RE: MonetDB + FITS

23 Feb 2015

...
-----Original Message-----
From: Dimitar Nedev [mailto:dimitar.nedev@monetdbsolutions.com]
Sent: 23. února 2015 16:28
To: Jiří Nádvorník
Subject: Re: MonetDB + FITS
...
On 2015-Feb-23, at 13:28 , Jiří Nádvorník  wrote:
Hi,
I will be using this on Debian.
Ok, the ingestion seems quite straight-forward, so to the next point. The
coordinates will be ra, dec (right ascension, declination).  I have to decide
what to do with these "coordinate types".
First option is to use some kind of indexing (if you support any) on these
coordinates. Q3C, PgSphere comes in mind for relational DBs.
MonetDB does indexing (very lightweight), but currently entirely managed
by the engine. In general you can just start querying and not worry about
these things, depending on your data size, or at least how it was designed.
The first time this data is accessed an index of some sort is created. Some of
this indices are persistent, so they will be preserved between server restarts.
This means that any following query over the same columns will most likely
be faster. If you really want you can also force an index creation, executing a
range query (e.g. "SELECT COUNT(*) FROM table WHERE column > value")
will create an index on that column.
MonetDB already has a module called GEOM, that supports OGS Simple
Features for GeoSpatial queries. I am not sure if it currently has the function
that need to query a spherical coordinates. The module is already
considerably extended  and all the changes will be in the next major version
(expected in the next few month). This includes a lot more GIS functions and
will also include some optimizations for GeoSpatial queries.
...
Second option is to transform them into [x,y,z] coordinates on a cube and
use these numbers as coordinates for dimensions.
You can certainly do that, but if actual data transformation is required, it
might be very time consuming. Such queries can very likely be done without
data transformation, albeit with a more complex SQL query.

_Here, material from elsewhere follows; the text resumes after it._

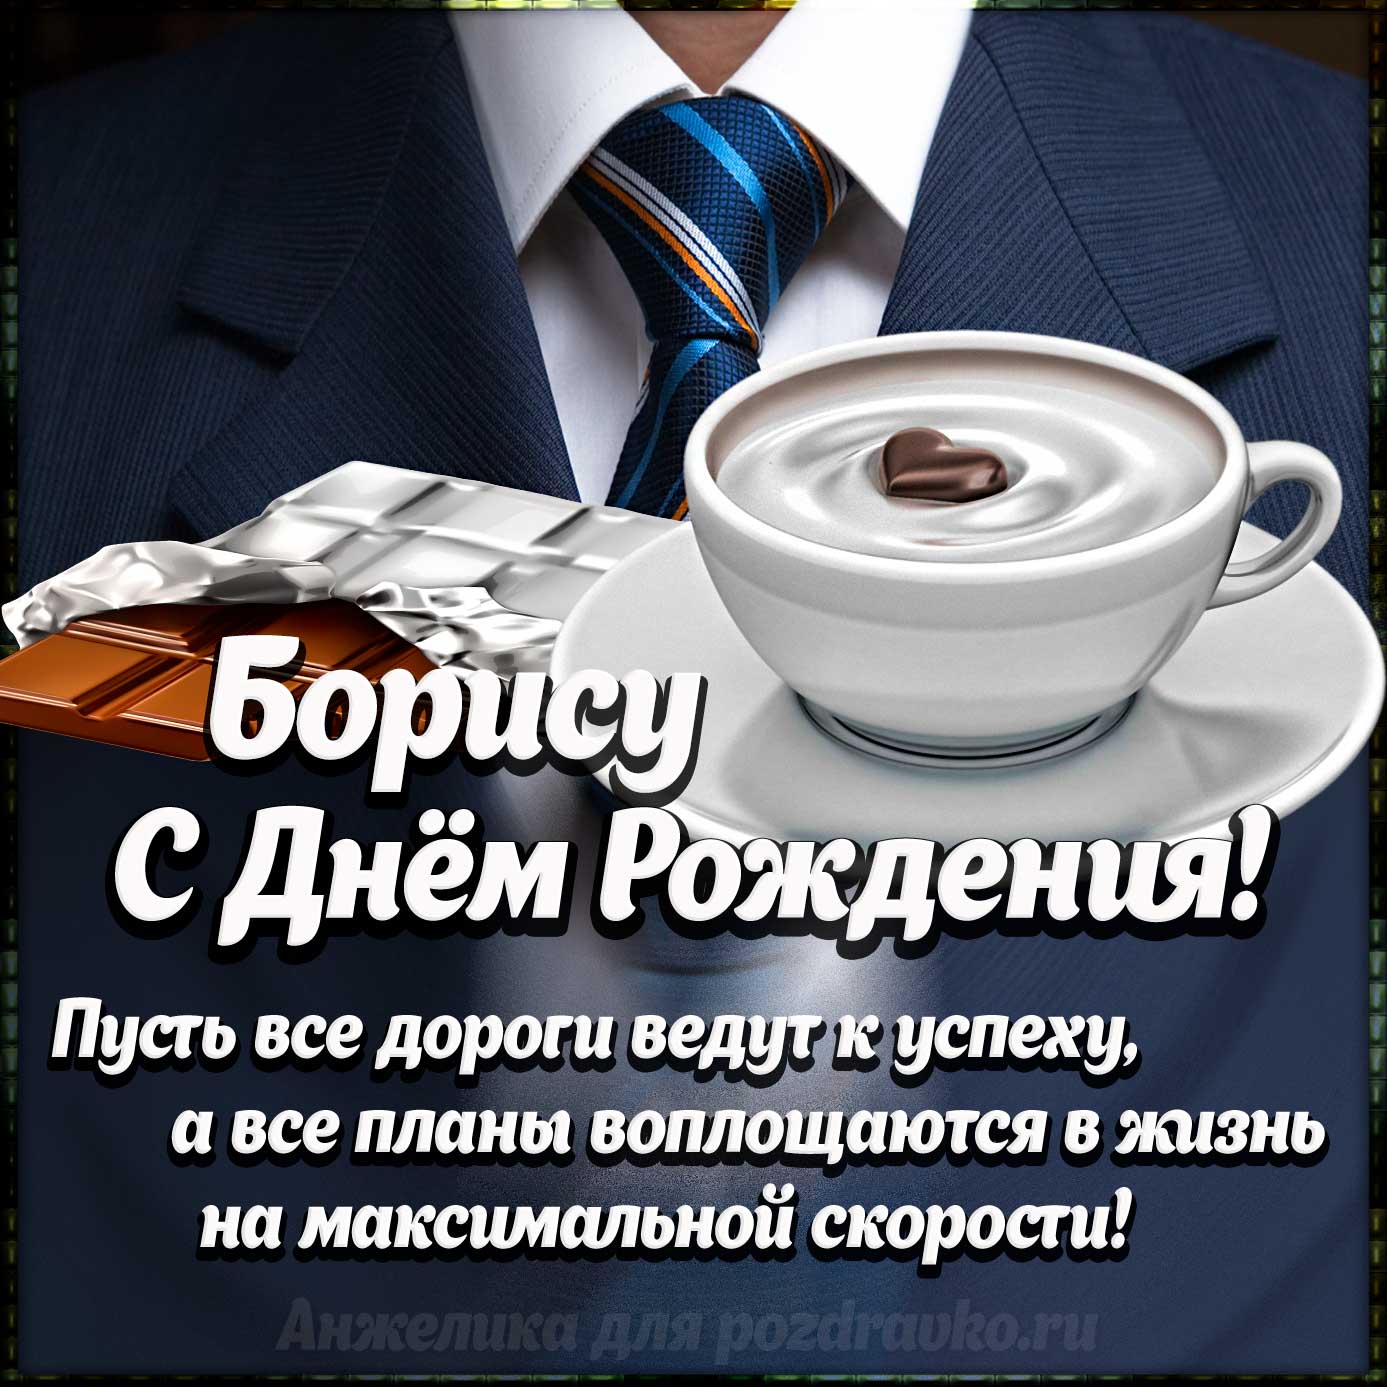 Открытка - Борису с Днем Рождения с галстуком, кофе и пожеланием. Скачать бесплатно или отправить картинку.
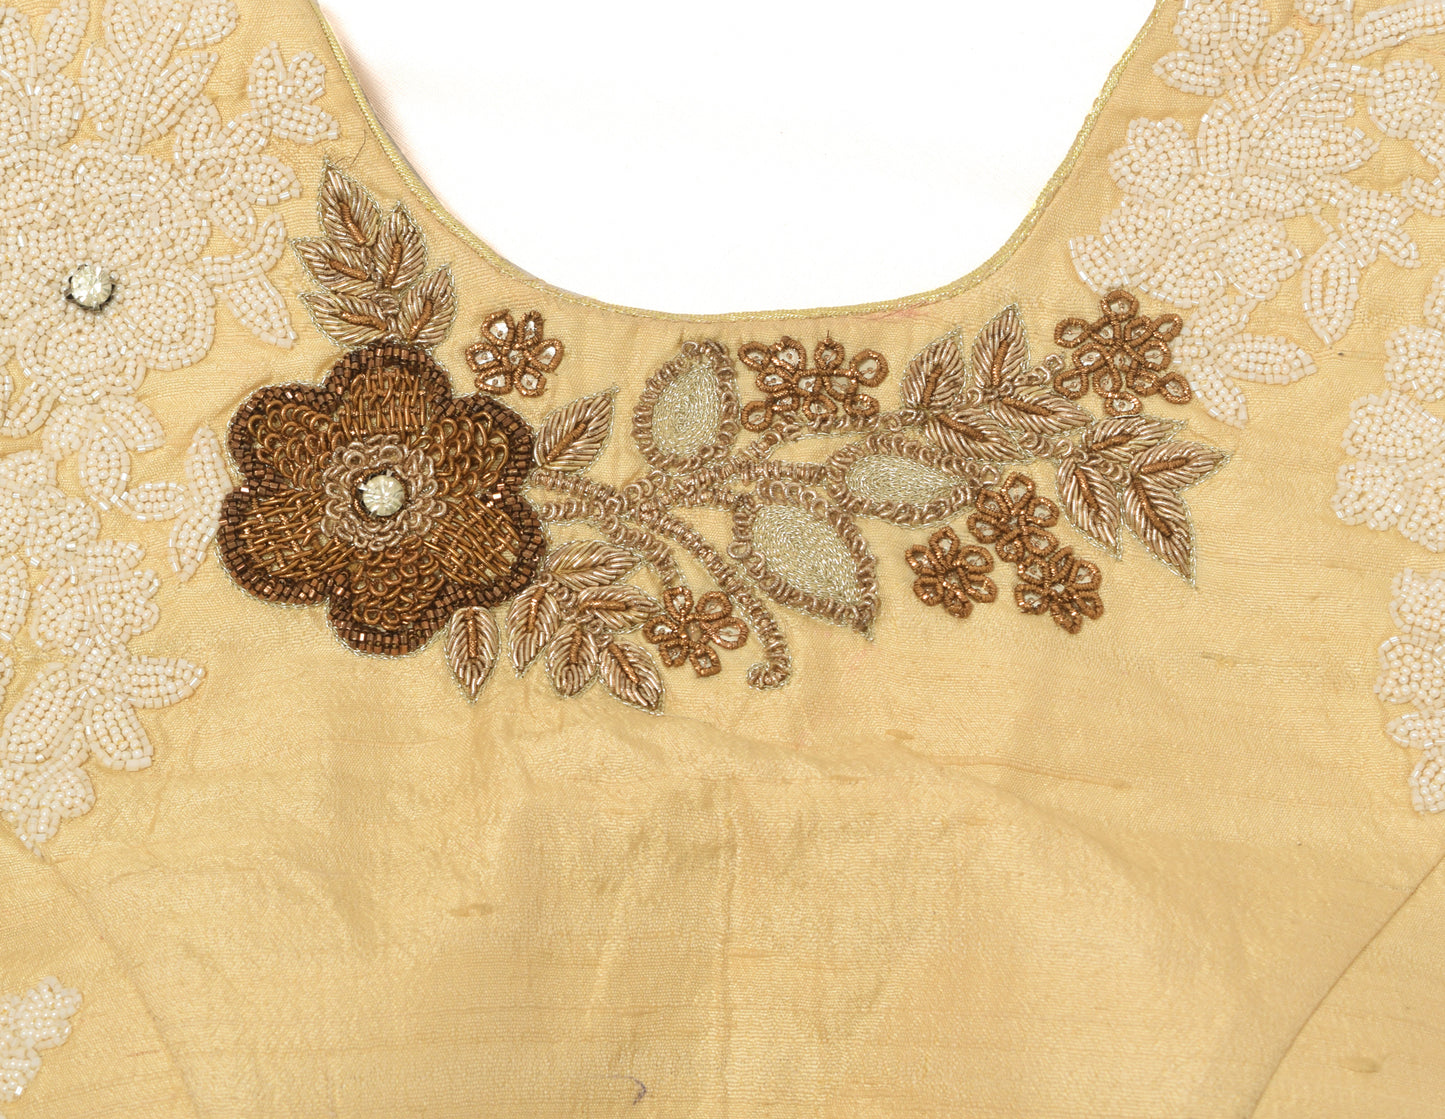 Sushila Vintage Readymade Stitched Sari Blouse Cream Hand Beaded Designer Choli

Performance
might not actually suffer.
Now, MonetDB has a module for accessing array-like data called SciQL, but it
is still quite experimental, so I don't recommend using it yet.
...
What would you choose? The queries will be of two kinds.
First one: Select me a chunk of the sky and pass it for further processing.
This will be directly connected with how I want to partition the data
(physically) on hard drives.
...
Second one (not necessarily in the DB, C++ parallel application is maybe a
...
It will be more or less some Bayesian euclidean clustering of the rows
(result will be clusters of points with coordinates close to each other).
Running this algorithm will contain searching for neighbors many and many
times over.
That is the question whether I want to keep this in DB or should I load it to
better option?) - Some more fancy stuff on the result of previous query
(chunk of the sky).
the memory of a C++ application and search for the neighbors and clusters
there.
For both kind of queries I would use a database, not only because I work on
one, but because the work/research done on database management
systems in general have made then very efficient when it comes to accessing
data.
For an advanced analysis you can still use a database, and if you stick with
MonetDB you can actually do the clustering right in the database. As of this
release, we have support for in-database processing using R [1]. You can use
an R function to perform Bayesian clustering directly on the data in the
system, without having to export it or pass it to another application. Aside
from performance benefits, due to reduced amounts of data shuffling, this
should also limit the amount of processes you'll need to implement yourself.
This approach has been used by researchers - going over large volume of
data, looking for events/records in the data that stood out.
This is actually the biggest performance issue. I have read lots of papers where Bayesian approach was used for cca 500 000 objects. We have ATM 4e8 objects and expect to have 6e8 objects in the end. That leads me to the opinion that some kind of parallelization will be needed (the clustering algorithm will have to be running in parallel for chunks of the sky and then some algorithm above that will have to solve the overlapping regions). 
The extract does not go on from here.